Salesforce Hyperforce services are deployed across multiple availability zones (usually three) within a region. As the availability zones are isolated fault domains, Hyperforce services can continue to operate with minimal disruptions if an availability zone fails. Most of the Hyperforce services are serving actively from multiple availability zones. Some transactional systems that have a single primary database may automatically and transparently failover the primary database to the standby database in a healthy availability zone with a brief failover time. The disruption is minimal – some in-flight requests or transactions will not succeed and will be re-tried if an availability zone fails.
In addition, we adopt the static stability deployment strategy for Hyperforce services with the objective of withstanding an entire availability zone failure and one more individual component failure in another availability zone (AZ+1). We do not need to compete for public cloud resources to scale up at runtime in the event of failures.
2. Adopt a safe deployment strategy
Over the years, we have learned that changes we made to the production systems, such as releasing a new version of software or automation or changing a configuration, is a primary contributor to service disruption due to software bugs or faulty configurations.

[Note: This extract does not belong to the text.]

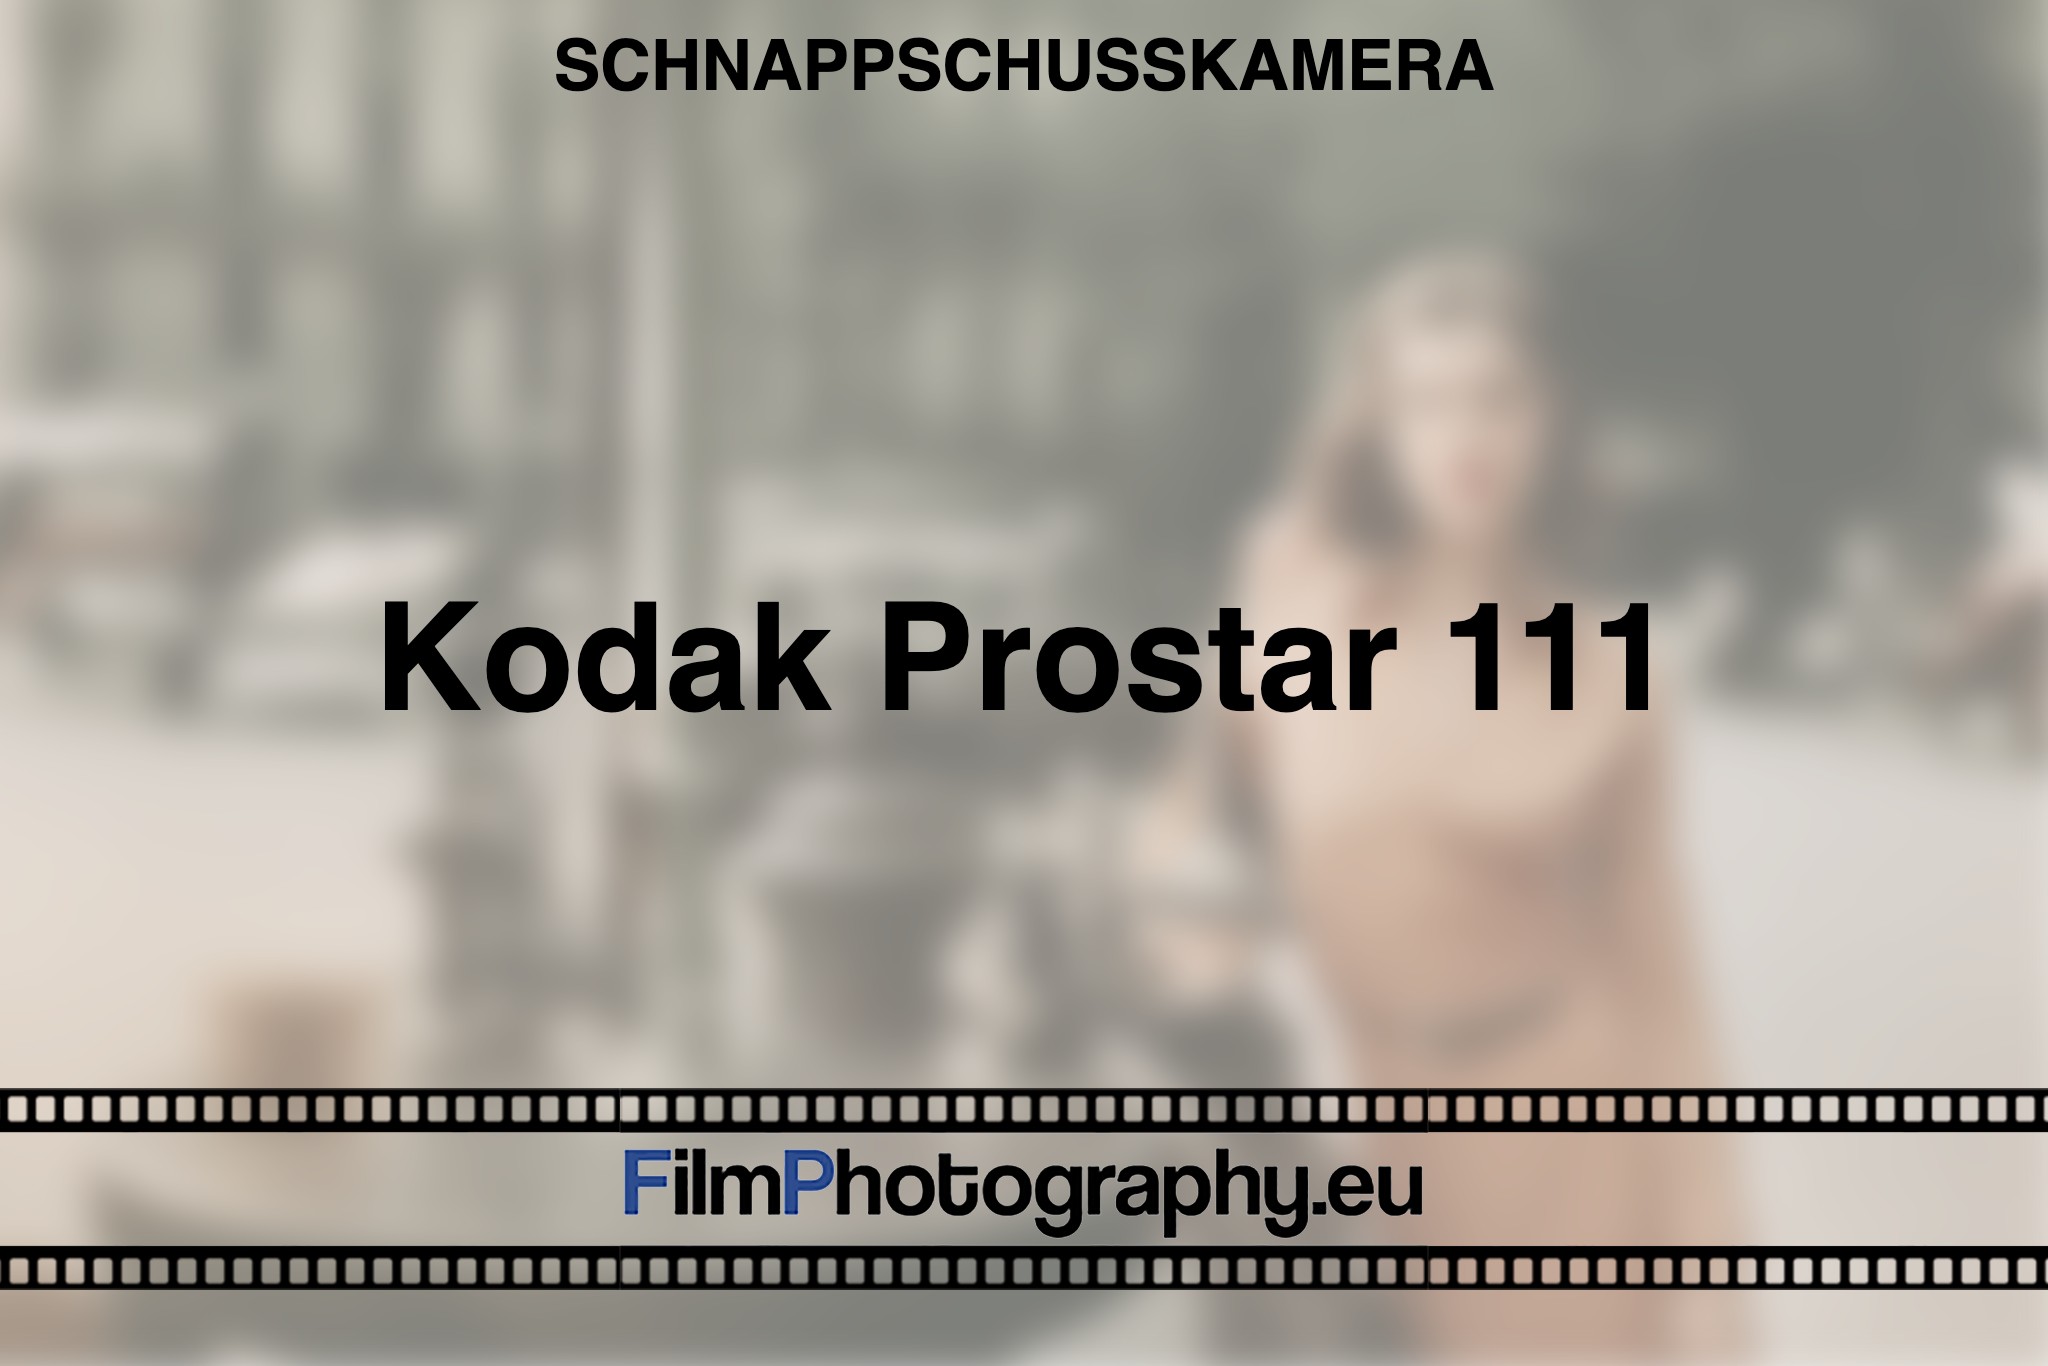 kodak-prostar-111-schnappschusskamera-bnv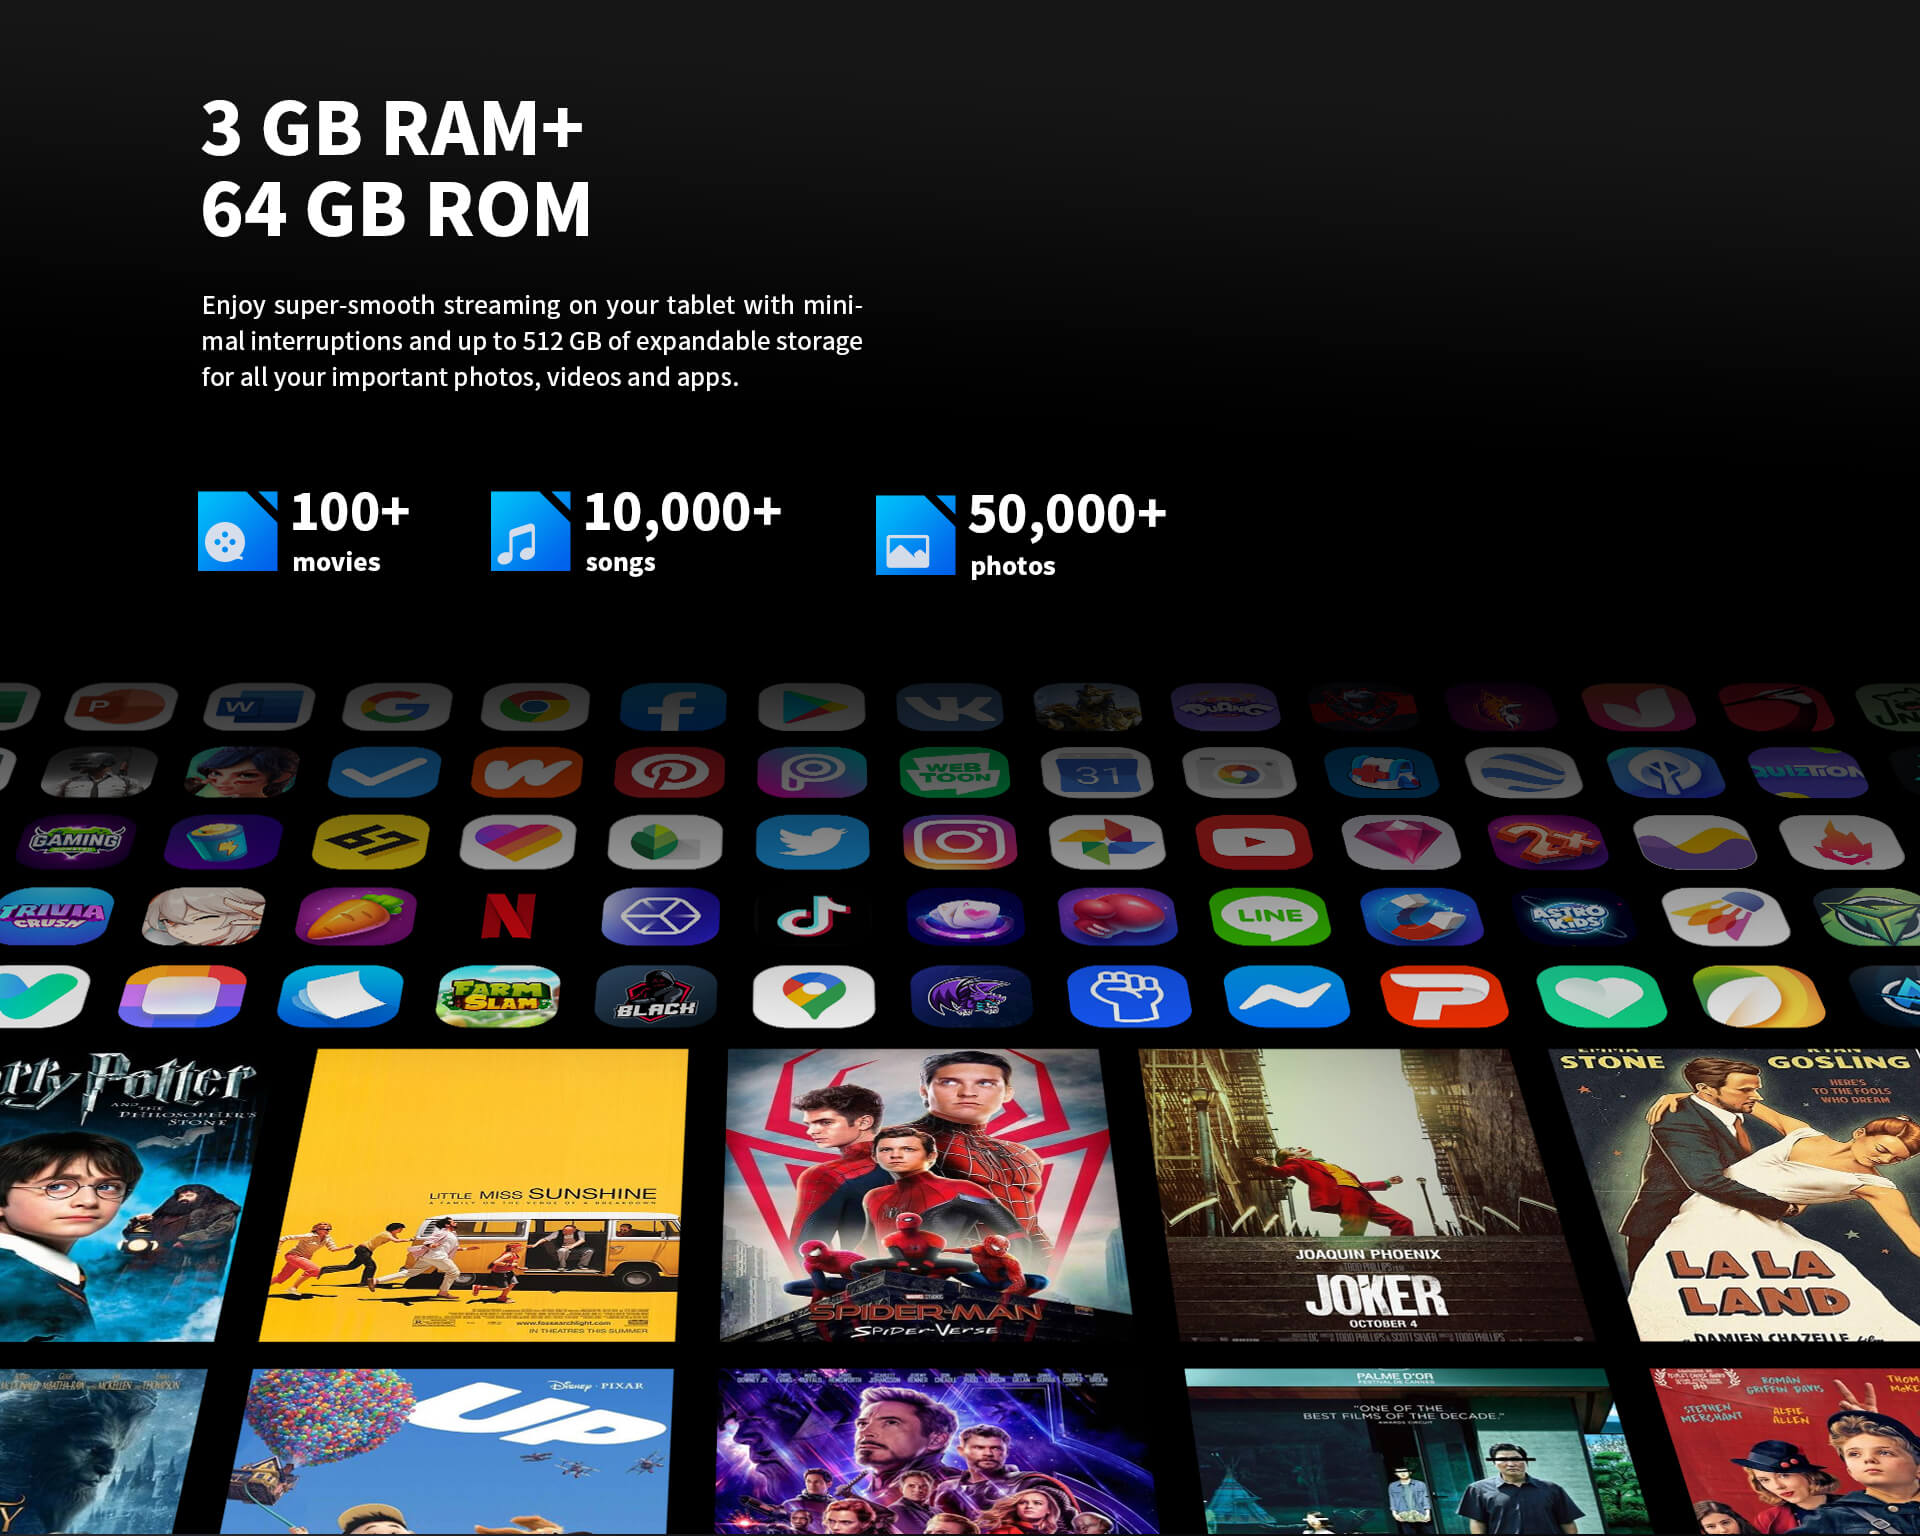 3GB 羊 + 64GB ROM

While the best thing is to prevent it from happening (with rigorous testing, for example), we know in reality that some issues may not surface during the test due to the workload, dependent services, or use cases. We need a safe deployment strategy to minimize the risk of new software bugs and also can rapidly resolve disruptions caused by faulty software or configurations.
At Salesforce, we adopt several safe deployment patterns, including rolling upgrades, canary and staggering, and Blue-Green deployment. All of them require no downtime for customers. We also adopt the immutable deployment principle to deploy services at the instance image level to avoid any configuration drift.
Rolling upgrades are commonly used in a clustered service. We will first indicate one or a few service instances in the cluster to be in maintenance mode. The load balancer will direct traffic to other active service instances. We deploy or upgrade the software or configurations for these service instances in maintenance by recreating the instances with a new image. We then enable them for traffic and repeat the process for other service instances in batch.
For canary, we first roll out changes to a small set of service instances to validate the changes. Given enough time for validation, we then roll out to the remaining set, usually using a staggered process through different logical groups of service instances at different times to minimize any unexpected service disruptions caused by the changes.
For Blue-Green deployment, we deploy a new version (Green) of the service instances alongside the current version (Blue) with the same capacity. After testing and validation, the load balancer directs the traffic to the new version service instances and decommission the service instances with the previous version.
We have seen in some rare scenarios that a change can go through rolling upgrades or some staggering without issues until some time later. Another requirement for safe deployment is to support rapid deployment mode when we need to quickly roll back a change by deploying the last known good image or roll forward a fix by deploying a new image.
We will dive into more details on how we use the infrastructure redundancy and isolation and safe deployment for high availability in the following principle, the “Blast Radius.”
3. Understand your “Blast Radius” and minimize it
Try to answer these questions – how many customers are impacted if a software or infrastructure failure happens to my service? How can I reduce the number of customers affected if a failure happens?
The fundamental concept is to “partition” (or “shard”) your customers onto isolated and independent infrastructures and different staggered deployments.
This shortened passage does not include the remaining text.